Sharing storage across instances, however, is tricky. For my purposes, having a read-only copy distributed among my instances is sufficient; of course adding read/write access makes things substantially trickier. Yet even given that I was fine with read-only access, none of the solutions that immediately came to mind were satisfactory:
What I really wanted was the ability to mount an EBS volume read-only on multiple instances. Since things are read-only, there won’t be any consistency issues but, still, Amazon doesn’t support this. Until I discovered a hack to make it possible, using EBS snapshots.

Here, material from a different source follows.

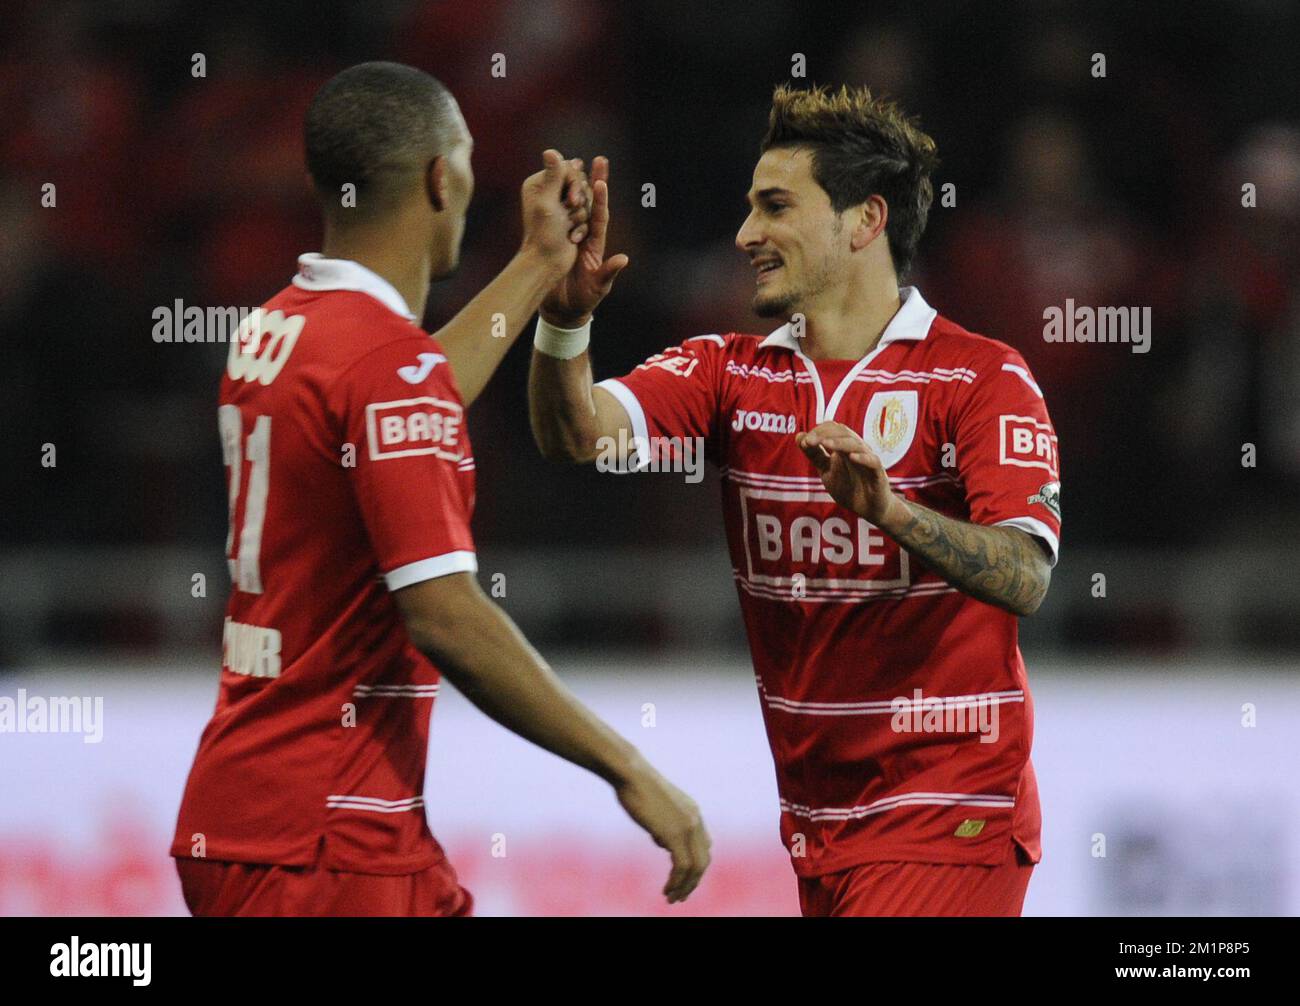 20121207 - LIEGE, BELGIUM: Standard's Maor Bar Buzaglo (R) celebrates after scoring the 3-0 goal during the Jupiler Pro League match between Standard and Charleroi, in Liege, Friday 07 December 2012, on day 19 of the Belgian soccer championship. BELGA PHOTO JOHN THYS Stock Photo

The basic idea is to have a master EBS volume V that you want to replicate with read-only copies across a number of instances. Upon bootup, each instance makes a snapshot of V and then its own personal volume Vp based on that snapshot. Each instance can then attach the volume Vp and voila – we’ve got our data replicated across our instances. No fancy network filesystem or S3 hacks necessary.
What makes all this go is that EBS snapshots are very fast (because they’re lazily constructed). My master volume V is 10GB in size, and about 7GB full at the moment. And this whole take-a-snapshot-and-mount-it routine takes less than 10 seconds. After I’m done with an instance, I have it throw away the snapshot and volume Vp to save space. But since snapshots are built on diffs, having a bunch of snapshots doesn’t take up much room in S3 (i.e. cost much money) anyway. Ultimately, EBS is doing exactly what I would want to provide a high performance read-only version of the volume: lazy creation of snapshots makes replication fast, and each snapshot volume functions as a cache to increase read bandwidth. And all this without any extra engineering on my part!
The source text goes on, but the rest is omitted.